--- Input for this task ---

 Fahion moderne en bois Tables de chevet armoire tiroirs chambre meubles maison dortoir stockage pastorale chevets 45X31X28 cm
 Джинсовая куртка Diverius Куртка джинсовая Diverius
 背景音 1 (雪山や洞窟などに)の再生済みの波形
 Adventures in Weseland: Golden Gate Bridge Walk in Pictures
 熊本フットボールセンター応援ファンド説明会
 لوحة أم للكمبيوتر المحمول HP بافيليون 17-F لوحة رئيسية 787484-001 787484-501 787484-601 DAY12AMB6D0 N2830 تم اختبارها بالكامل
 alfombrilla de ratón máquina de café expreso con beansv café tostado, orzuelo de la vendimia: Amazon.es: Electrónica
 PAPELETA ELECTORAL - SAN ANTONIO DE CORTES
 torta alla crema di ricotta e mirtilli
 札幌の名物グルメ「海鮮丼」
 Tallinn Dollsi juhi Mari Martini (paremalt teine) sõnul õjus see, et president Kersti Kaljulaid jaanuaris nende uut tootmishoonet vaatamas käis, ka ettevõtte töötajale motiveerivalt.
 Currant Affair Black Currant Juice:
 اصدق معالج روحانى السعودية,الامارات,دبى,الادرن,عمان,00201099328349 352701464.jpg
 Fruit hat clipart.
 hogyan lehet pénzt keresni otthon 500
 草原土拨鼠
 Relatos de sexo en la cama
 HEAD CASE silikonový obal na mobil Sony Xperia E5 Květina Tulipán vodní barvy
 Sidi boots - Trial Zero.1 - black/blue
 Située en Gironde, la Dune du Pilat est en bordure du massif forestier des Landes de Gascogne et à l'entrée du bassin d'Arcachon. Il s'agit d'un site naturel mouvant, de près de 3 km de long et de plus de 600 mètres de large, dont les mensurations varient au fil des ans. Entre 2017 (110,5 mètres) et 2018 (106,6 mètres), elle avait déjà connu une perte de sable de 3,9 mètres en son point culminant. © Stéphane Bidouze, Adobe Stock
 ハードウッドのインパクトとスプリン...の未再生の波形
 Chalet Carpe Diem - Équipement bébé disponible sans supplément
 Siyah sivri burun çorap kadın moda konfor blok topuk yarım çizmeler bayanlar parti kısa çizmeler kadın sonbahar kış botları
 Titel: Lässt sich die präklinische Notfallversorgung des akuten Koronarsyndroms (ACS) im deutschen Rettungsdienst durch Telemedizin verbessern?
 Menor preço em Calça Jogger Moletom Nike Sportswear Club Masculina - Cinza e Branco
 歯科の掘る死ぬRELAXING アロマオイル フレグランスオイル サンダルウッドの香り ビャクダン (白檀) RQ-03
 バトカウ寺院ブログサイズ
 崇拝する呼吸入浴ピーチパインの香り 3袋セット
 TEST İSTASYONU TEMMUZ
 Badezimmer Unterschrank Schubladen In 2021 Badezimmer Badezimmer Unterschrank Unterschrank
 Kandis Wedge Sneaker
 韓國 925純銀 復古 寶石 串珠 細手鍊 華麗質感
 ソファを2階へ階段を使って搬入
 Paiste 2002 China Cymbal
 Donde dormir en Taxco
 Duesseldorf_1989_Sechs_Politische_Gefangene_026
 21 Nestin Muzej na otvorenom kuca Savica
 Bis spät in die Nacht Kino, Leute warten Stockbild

---

[Activity]
In the records above, the line with "ハードウッドのインパクトとスプリン...の未再生の波形" marks the start and the line with "Donde dormir en Taxco" marks the end; copy that stretch exactly, both lines included, and nothing else.

[Your solution]
 ハードウッドのインパクトとスプリン...の未再生の波形
 Chalet Carpe Diem - Équipement bébé disponible sans supplément
 Siyah sivri burun çorap kadın moda konfor blok topuk yarım çizmeler bayanlar parti kısa çizmeler kadın sonbahar kış botları
 Titel: Lässt sich die präklinische Notfallversorgung des akuten Koronarsyndroms (ACS) im deutschen Rettungsdienst durch Telemedizin verbessern?
 Menor preço em Calça Jogger Moletom Nike Sportswear Club Masculina - Cinza e Branco
 歯科の掘る死ぬRELAXING アロマオイル フレグランスオイル サンダルウッドの香り ビャクダン (白檀) RQ-03
 バトカウ寺院ブログサイズ
 崇拝する呼吸入浴ピーチパインの香り 3袋セット
 TEST İSTASYONU TEMMUZ
 Badezimmer Unterschrank Schubladen In 2021 Badezimmer Badezimmer Unterschrank Unterschrank
 Kandis Wedge Sneaker
 韓國 925純銀 復古 寶石 串珠 細手鍊 華麗質感
 ソファを2階へ階段を使って搬入
 Paiste 2002 China Cymbal
 Donde dormir en Taxco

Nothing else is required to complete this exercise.